EXERCISE: The listing is to be transcribed in full, with its images left out.

GIVEN MATERIAL:

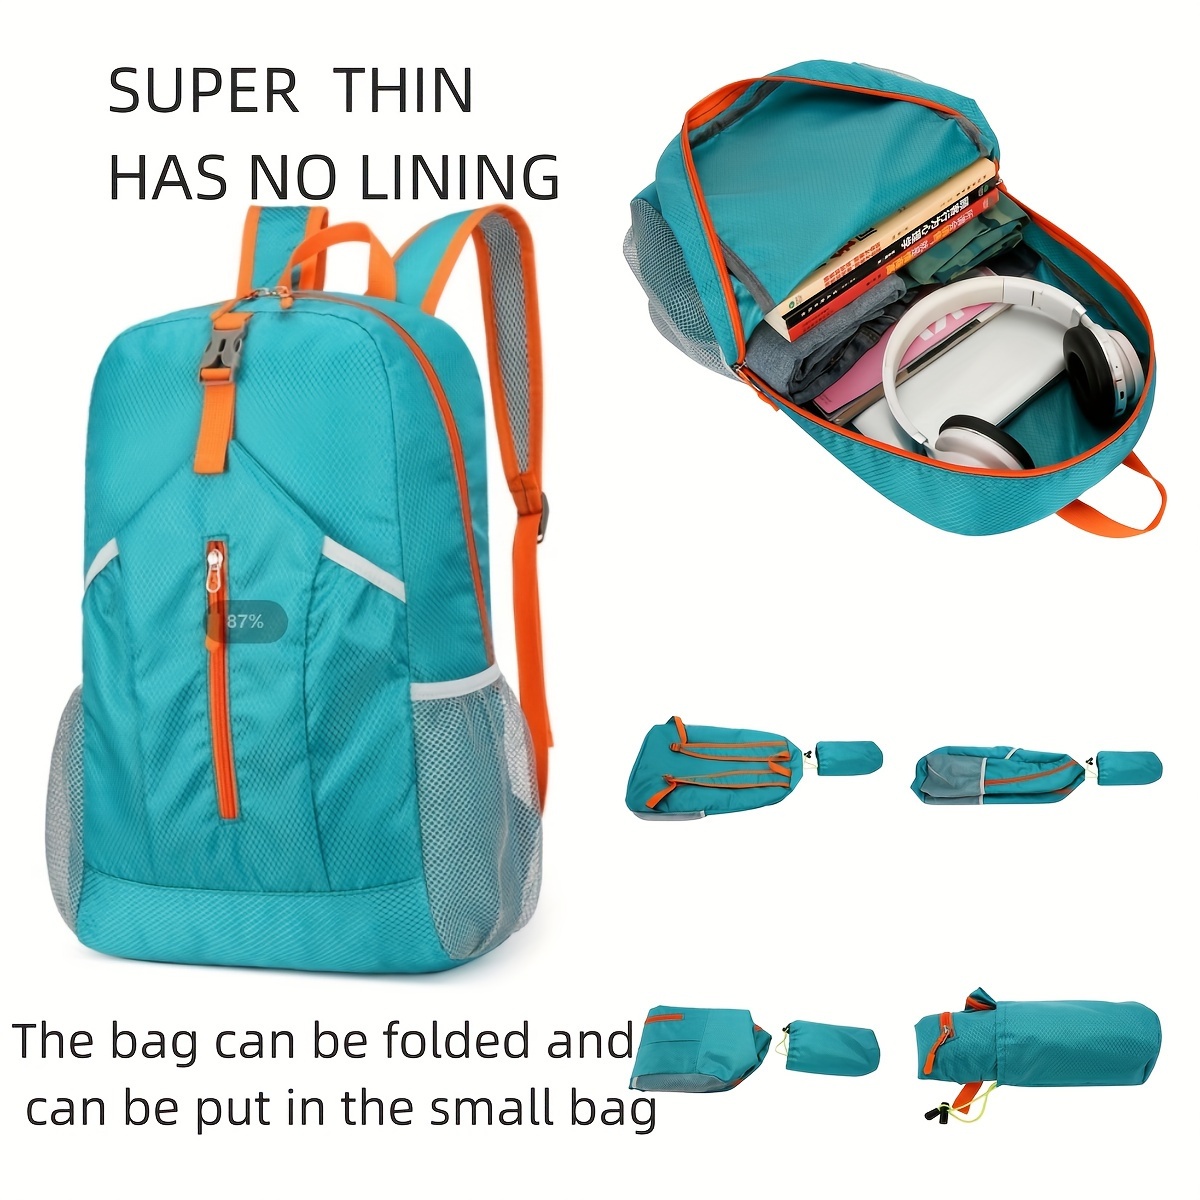 Mochila de viaje grande para mujeres, mochila de mano, mochila de  senderismo impermeable mochila deportiva al aire libre mochila casual  mochila escolar bag.c
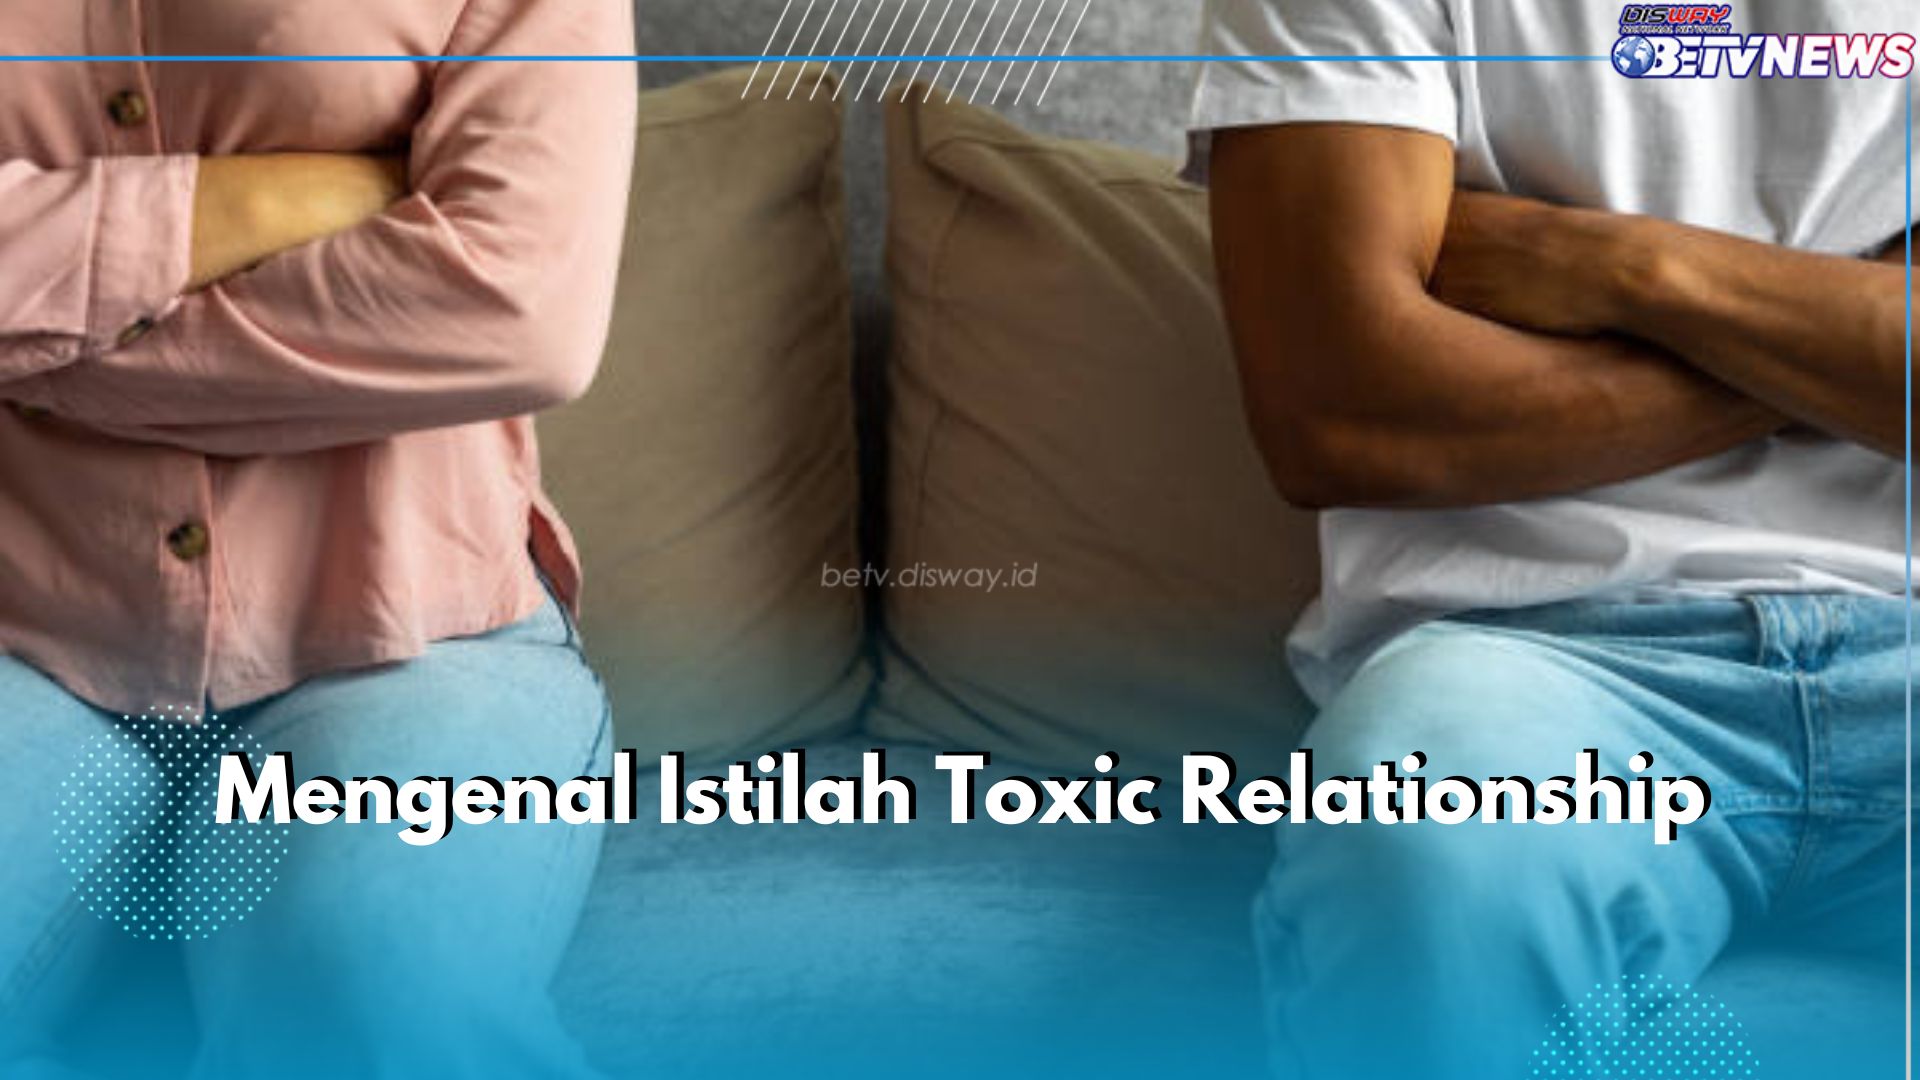 Pernah dengar Istilah Toxic Relationship? Yuk Cari Tahu Maknanya di Sini
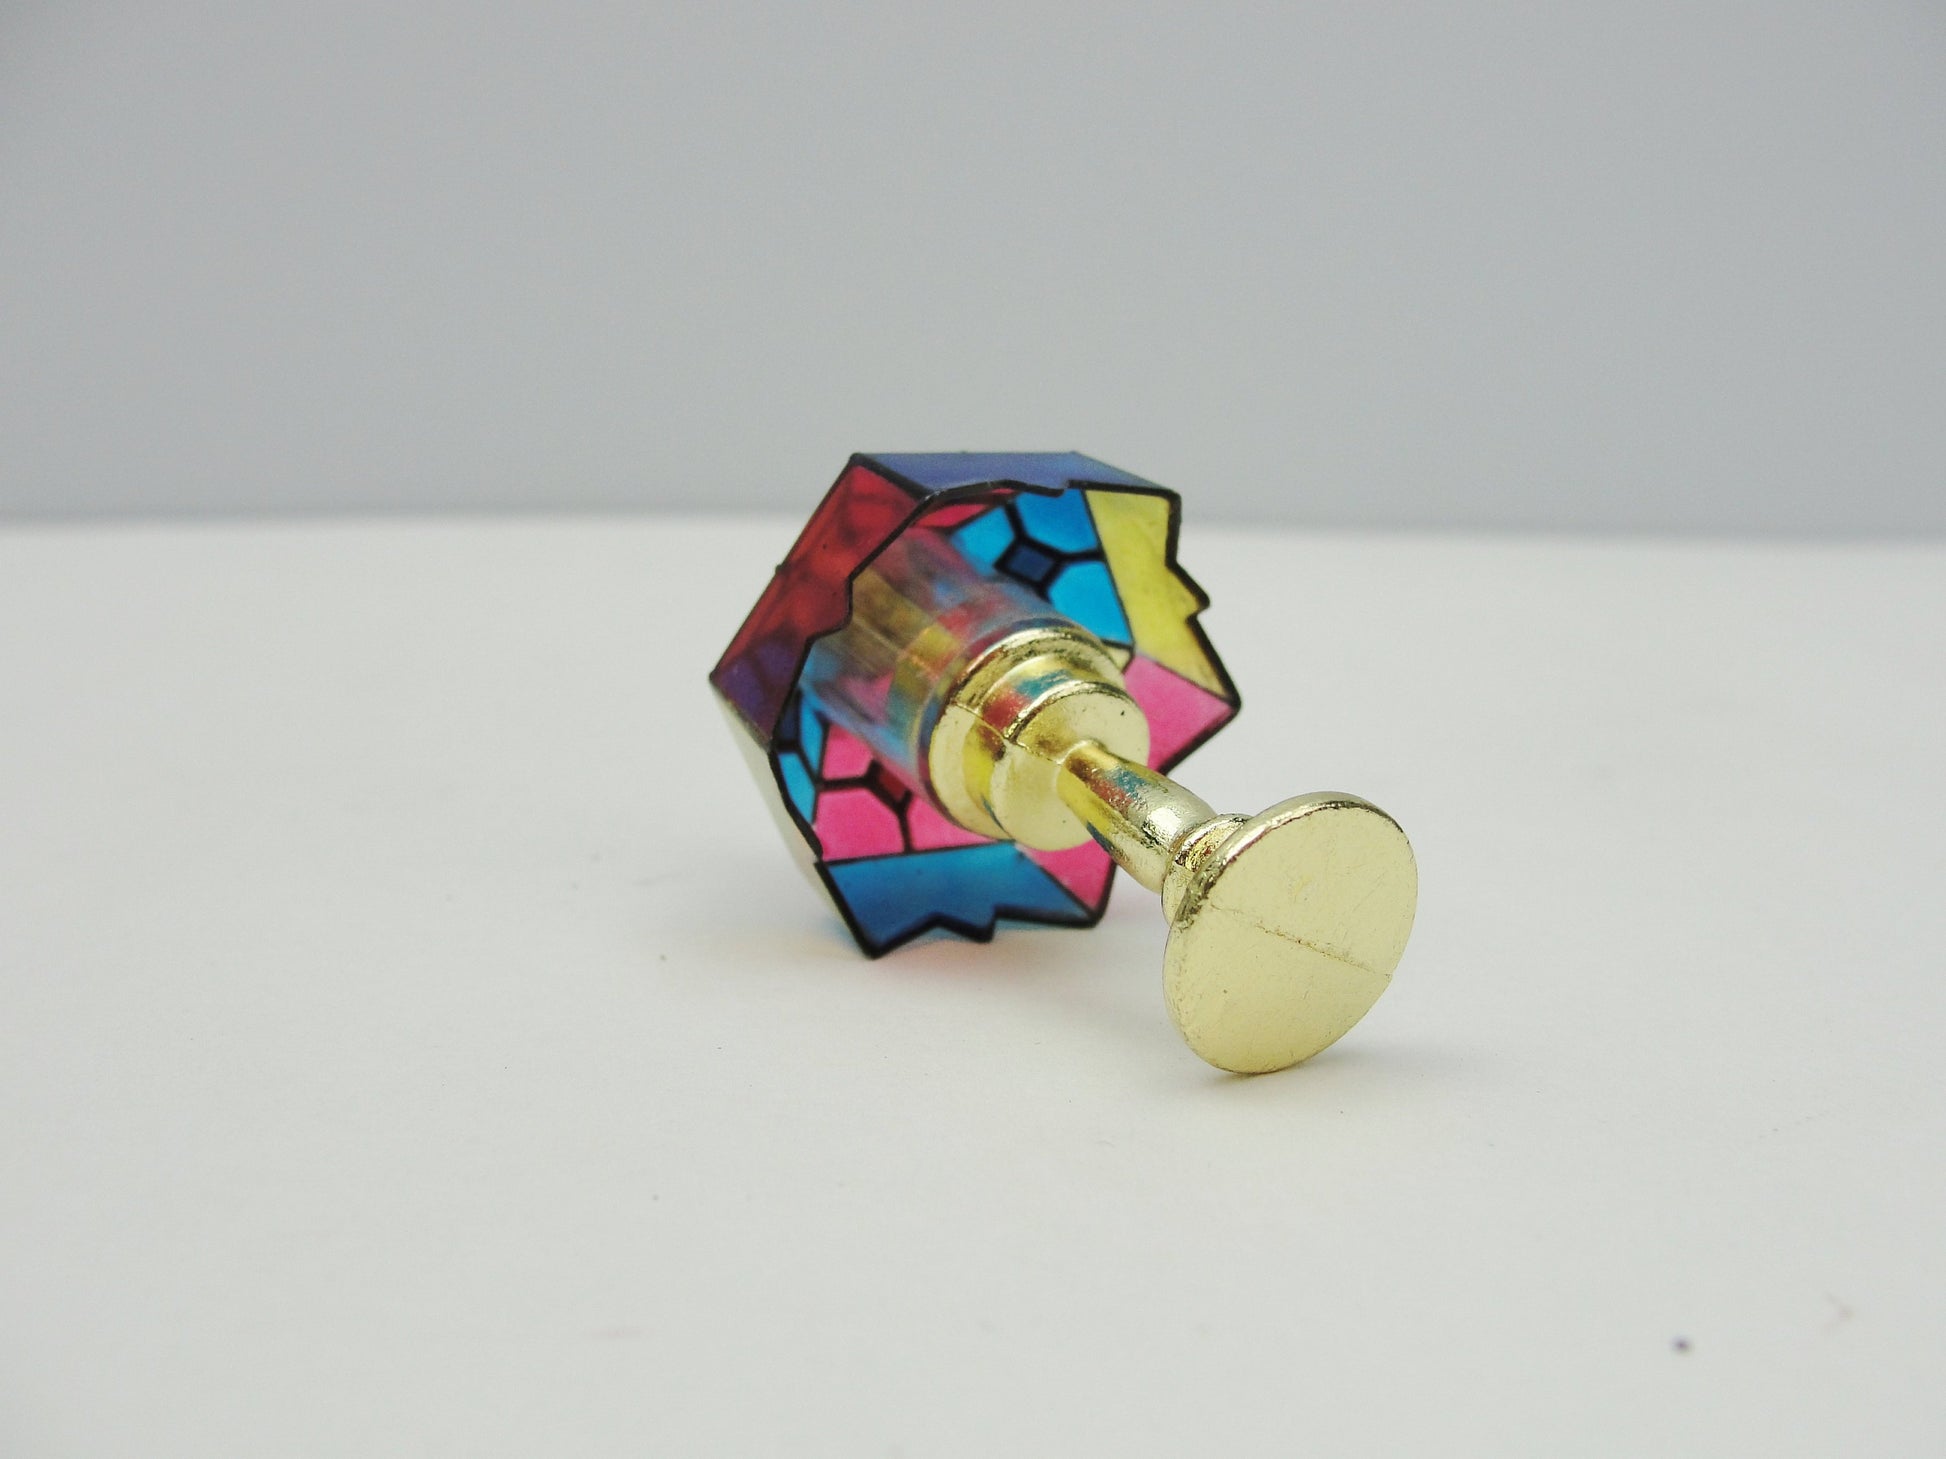 Dollhouse miniature tiffany lamp - Miniatures - Craft Supply House

RESPONSE BOX:
 Mochila de viaje grande para mujeres, mochila de mano, mochila de  senderismo impermeable mochila deportiva al aire libre mochila casual  mochila escolar bag.c
 Pernah dengar Istilah Toxic Relationship? Yuk Cari Tahu Maknanya di Sini
 Dollhouse miniature tiffany lamp - Miniatures - Craft Supply House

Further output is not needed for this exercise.